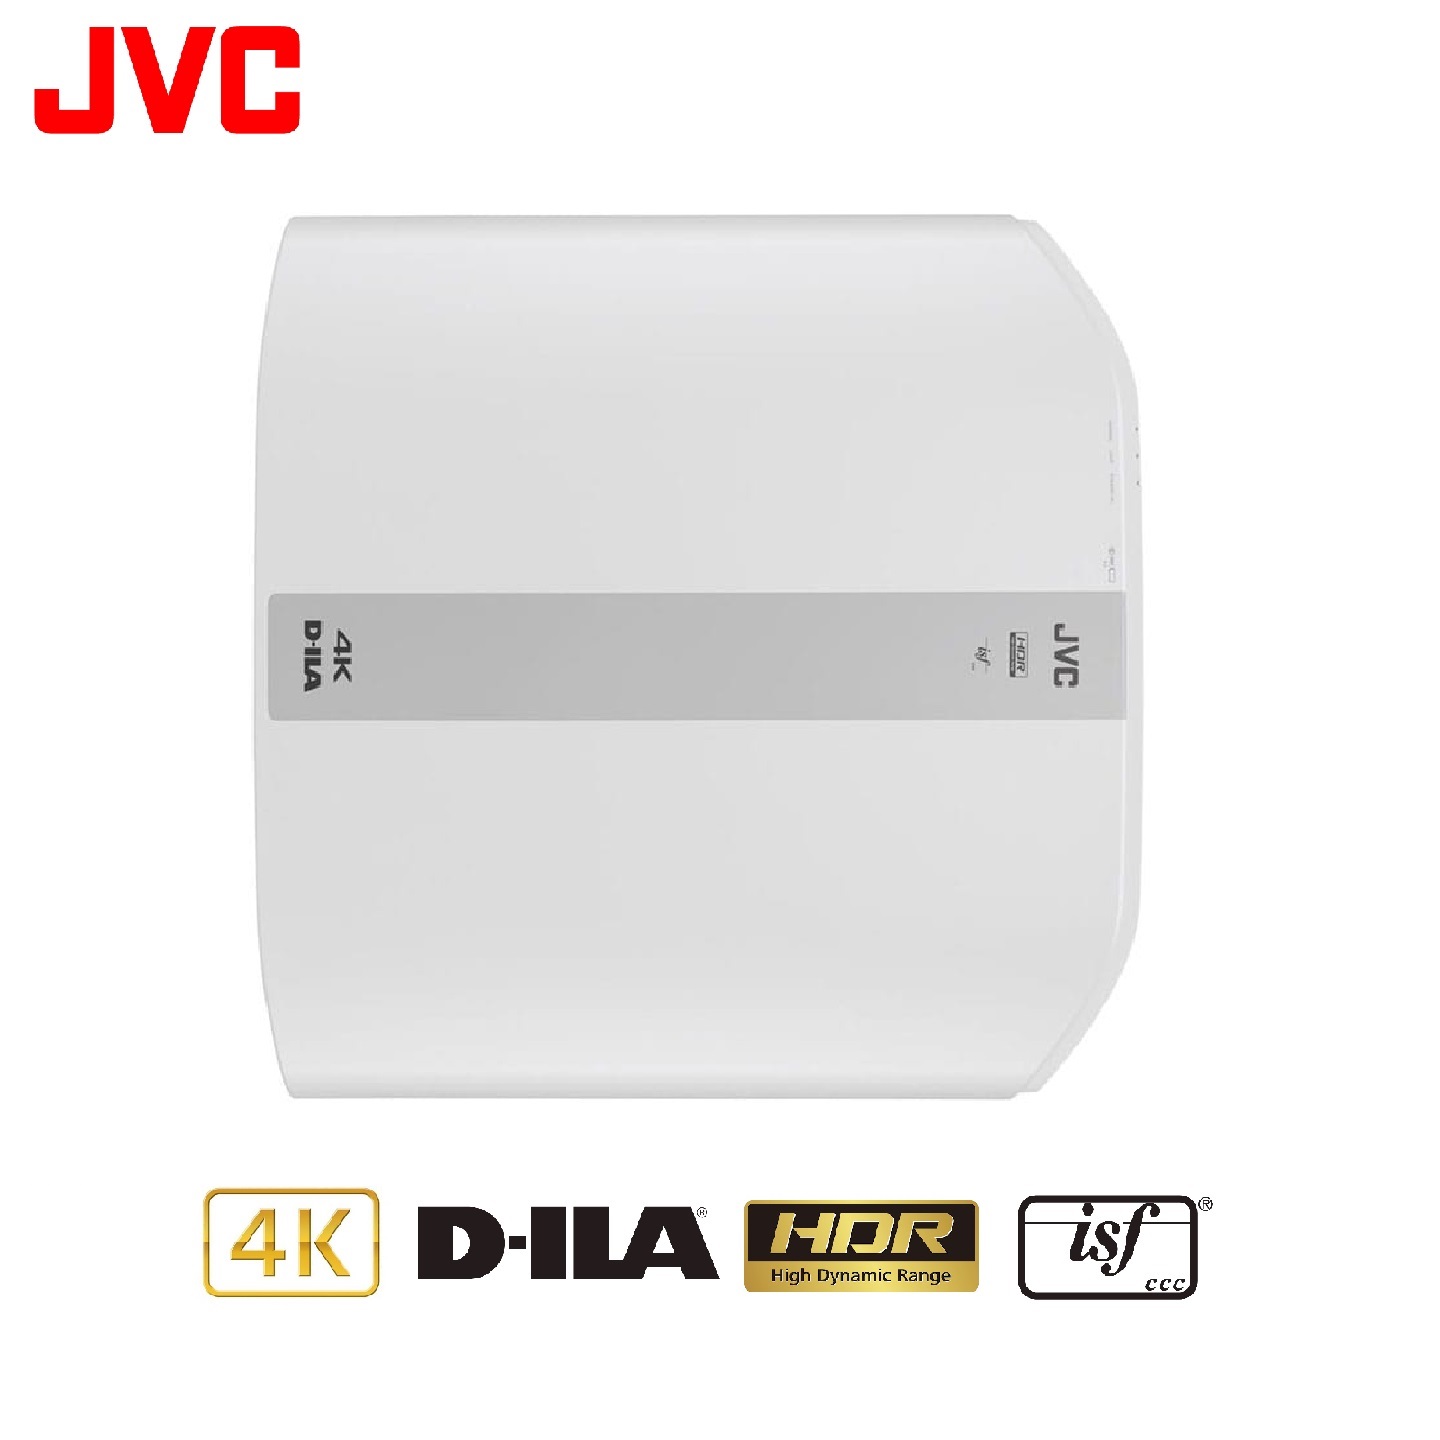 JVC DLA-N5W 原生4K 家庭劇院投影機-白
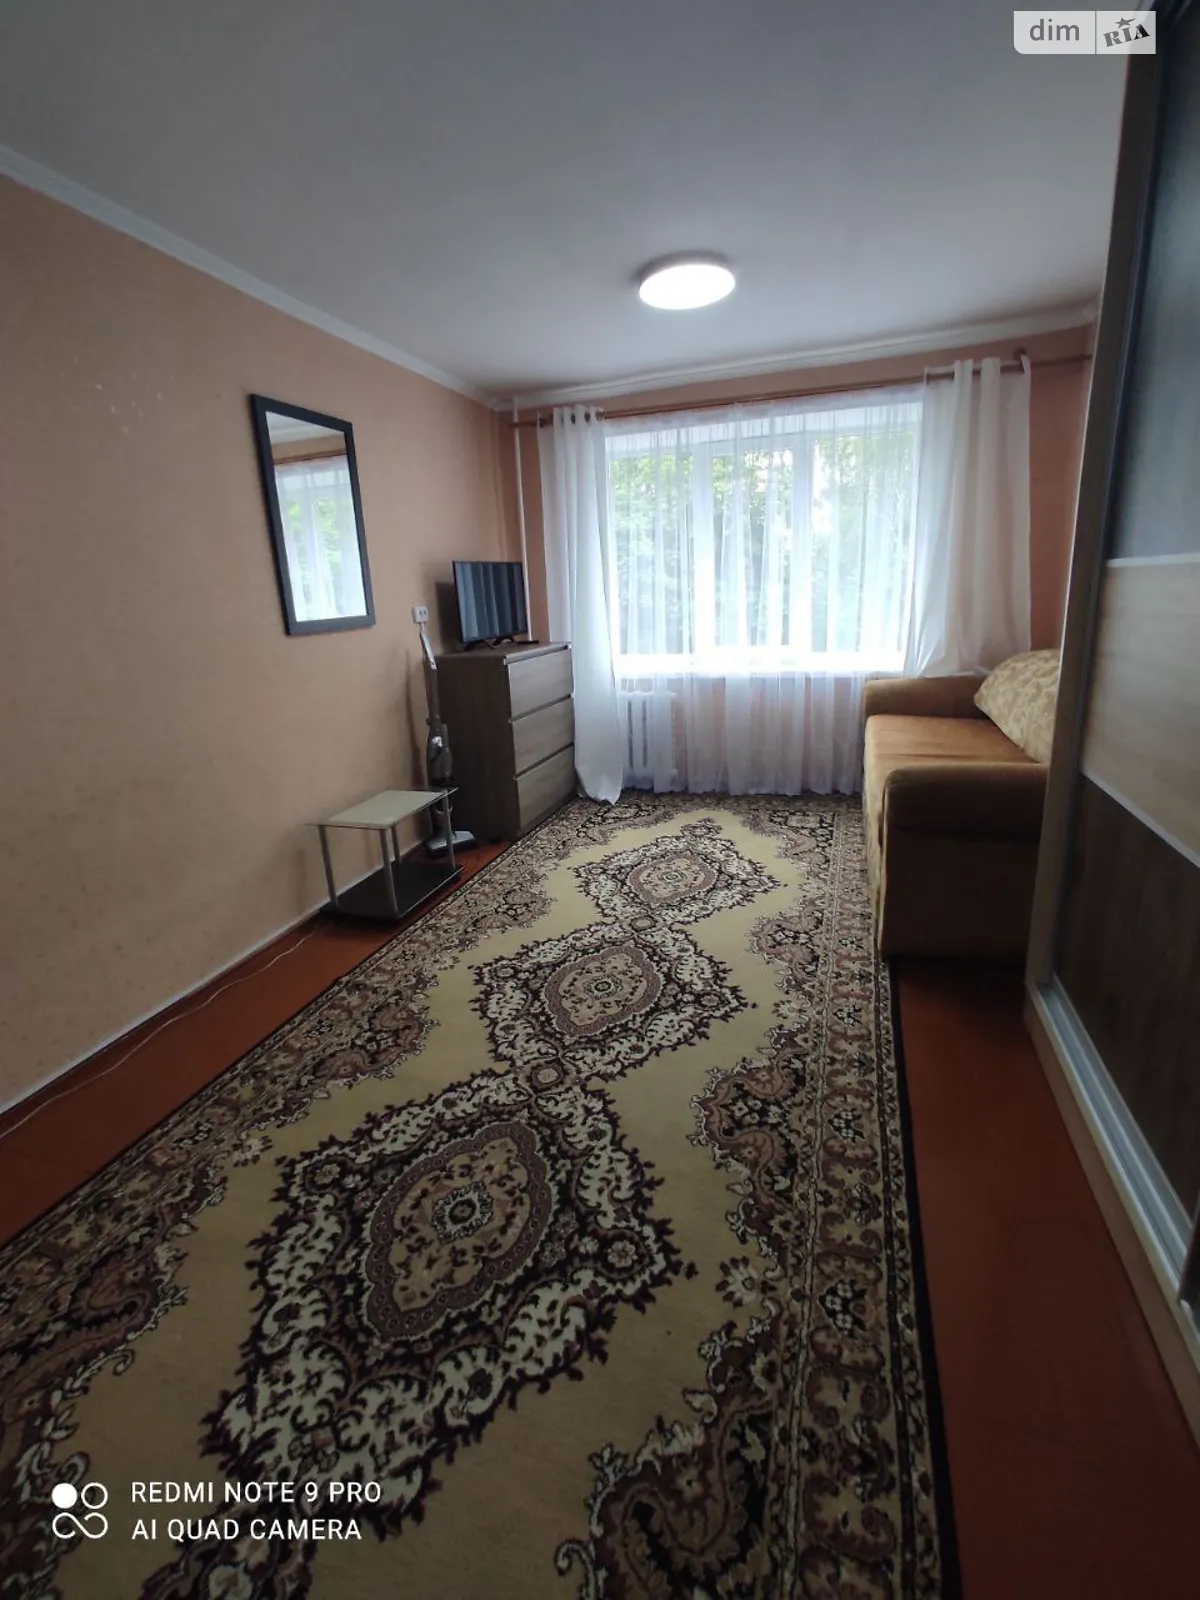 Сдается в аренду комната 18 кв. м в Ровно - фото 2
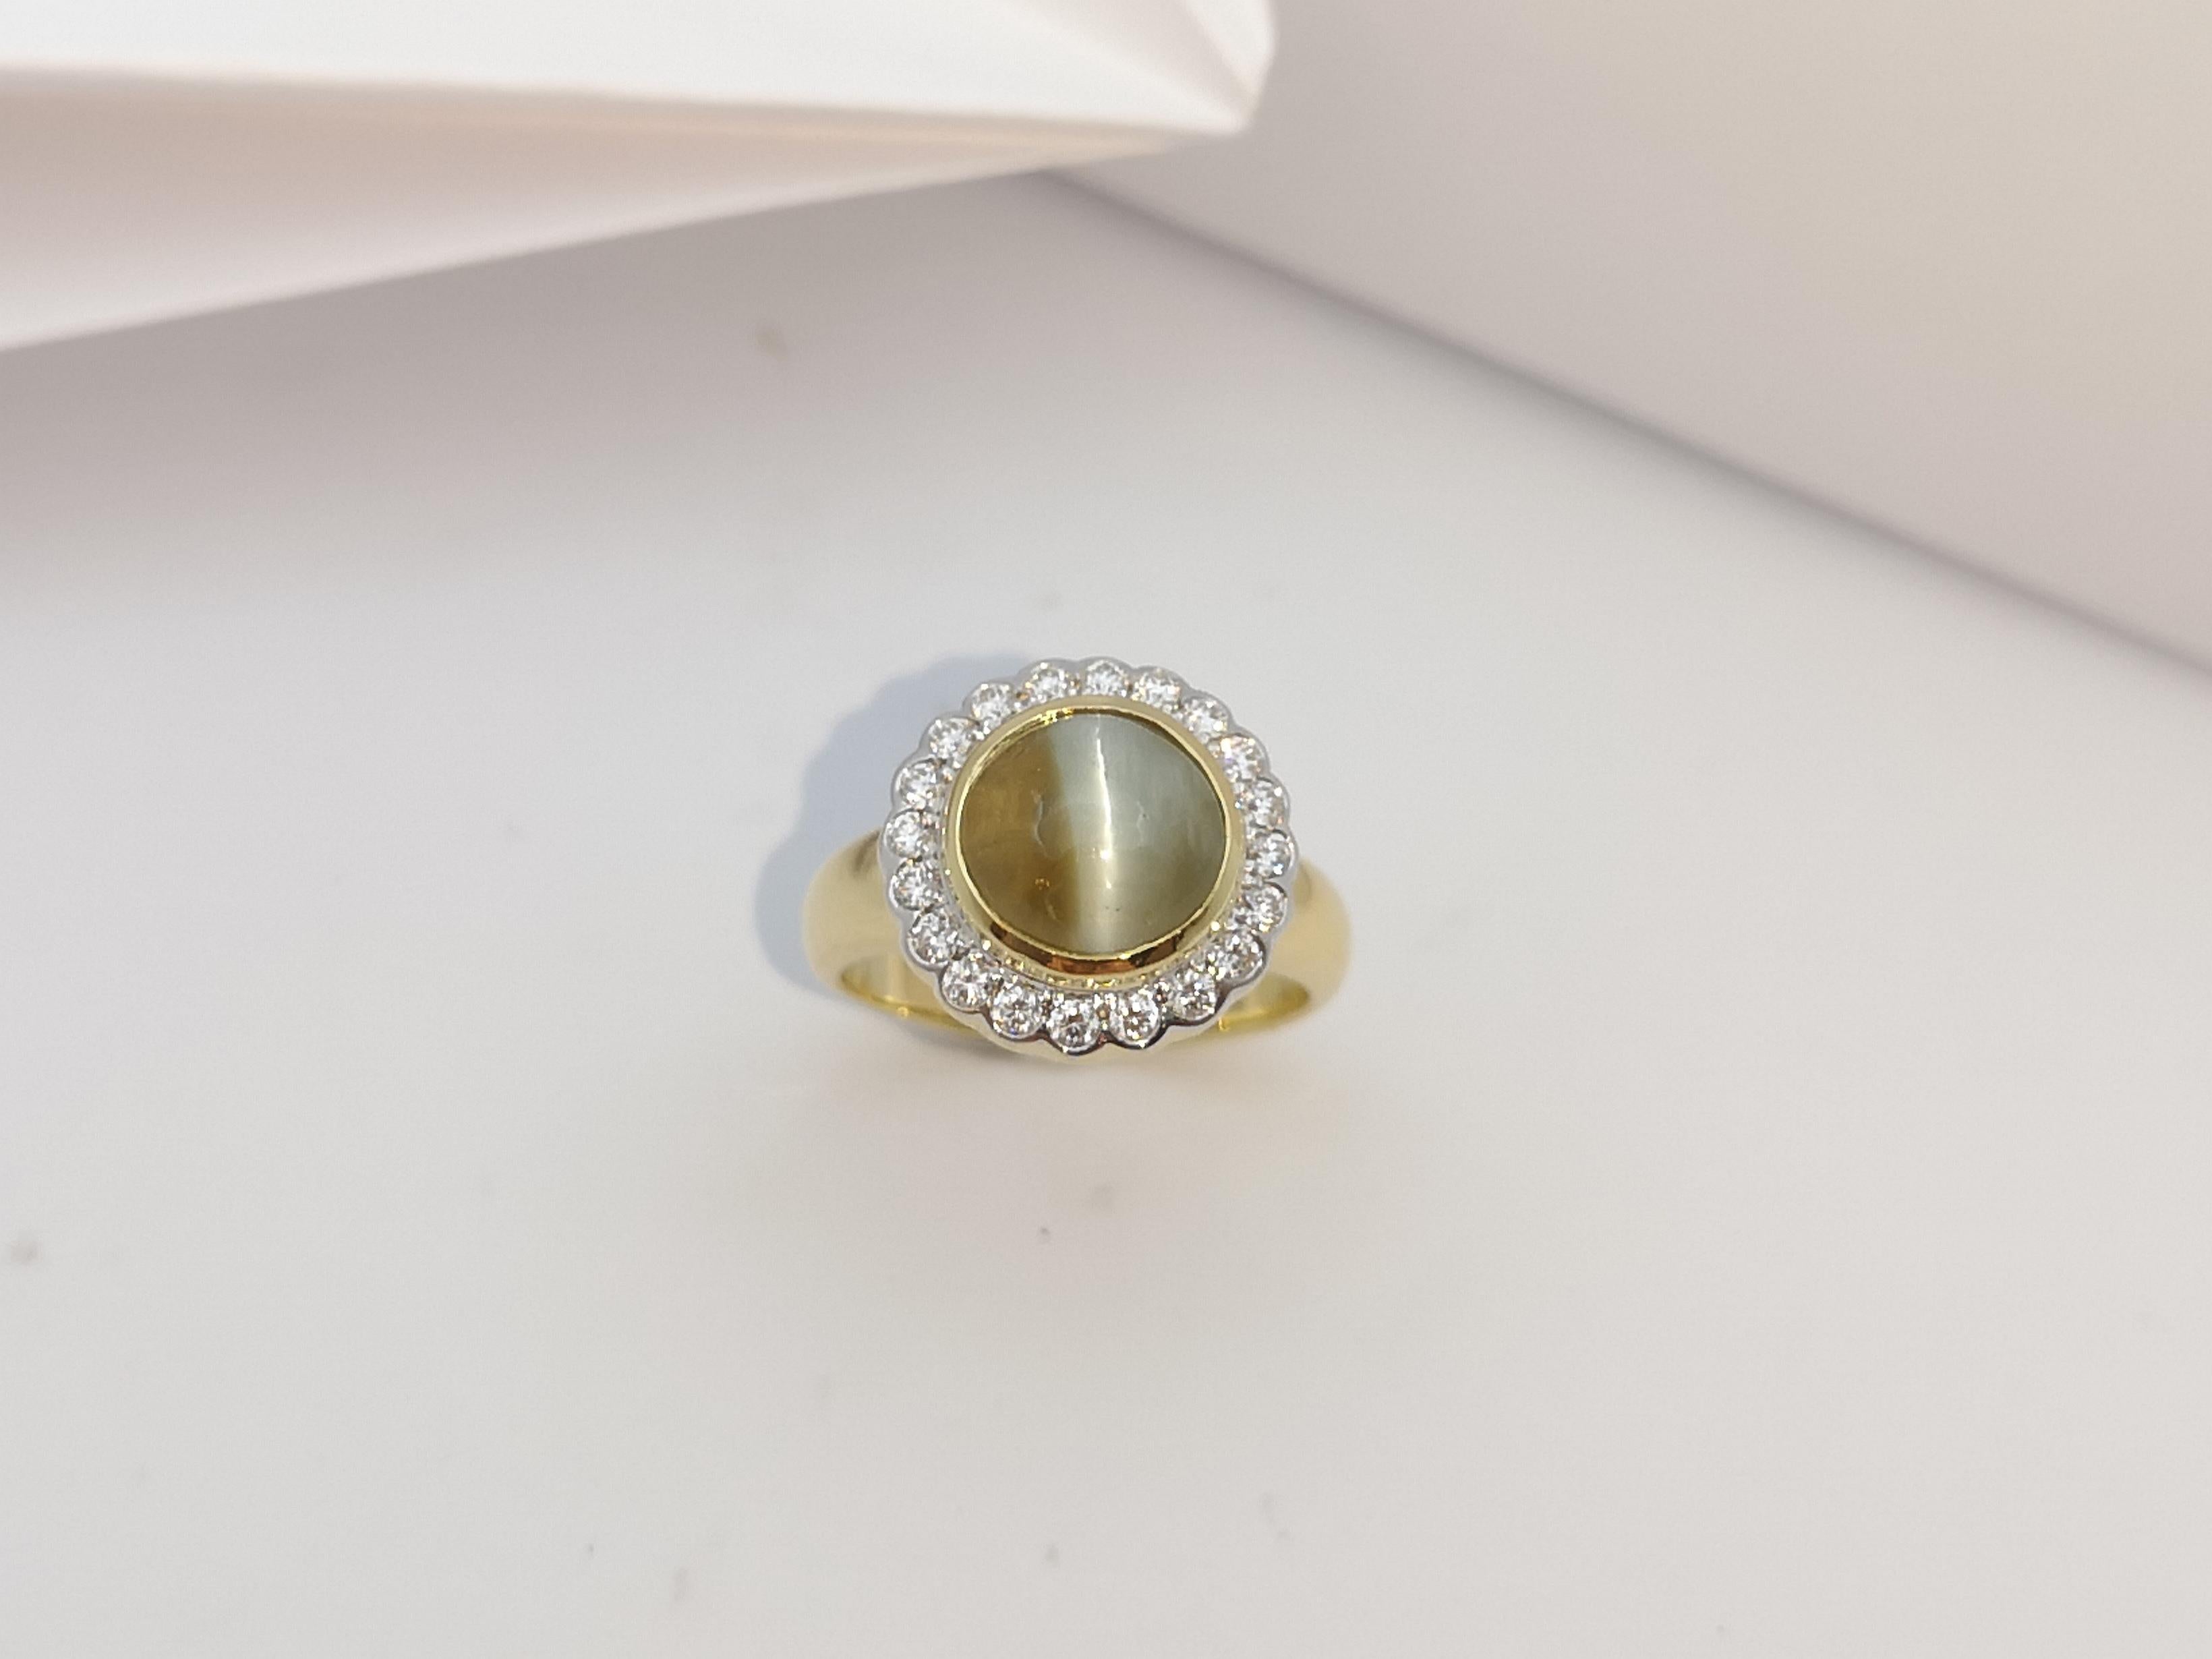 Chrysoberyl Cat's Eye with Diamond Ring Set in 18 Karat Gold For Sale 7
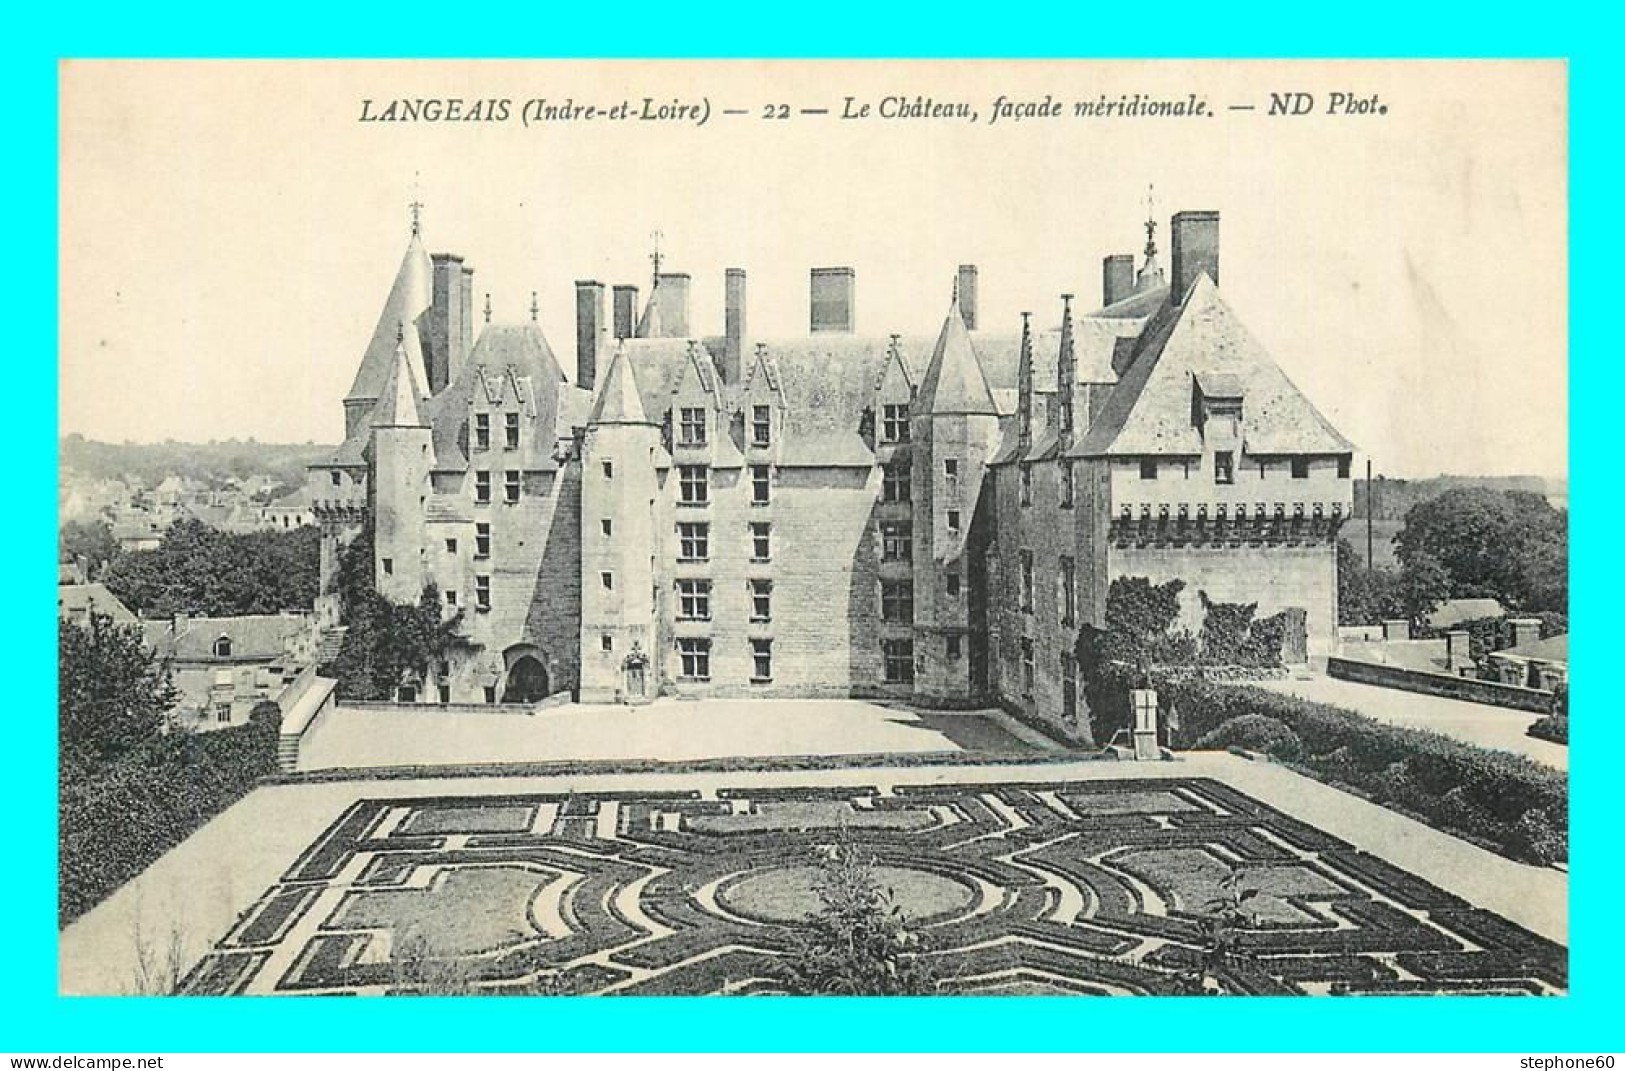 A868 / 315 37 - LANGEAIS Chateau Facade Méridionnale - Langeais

• • • •

Once the pictures are set aside, give the listing again word for word.

■ RESPONSE TO THIS EXERCISE
 JVC DLA-N5W 原生4K 家庭劇院投影機-白
 Сдается в аренду комната 18 кв. м в Ровно - фото 2
 Chrysoberyl Cat's Eye with Diamond Ring Set in 18 Karat Gold For Sale 7
 A868 / 315 37 - LANGEAIS Chateau Facade Méridionnale - Langeais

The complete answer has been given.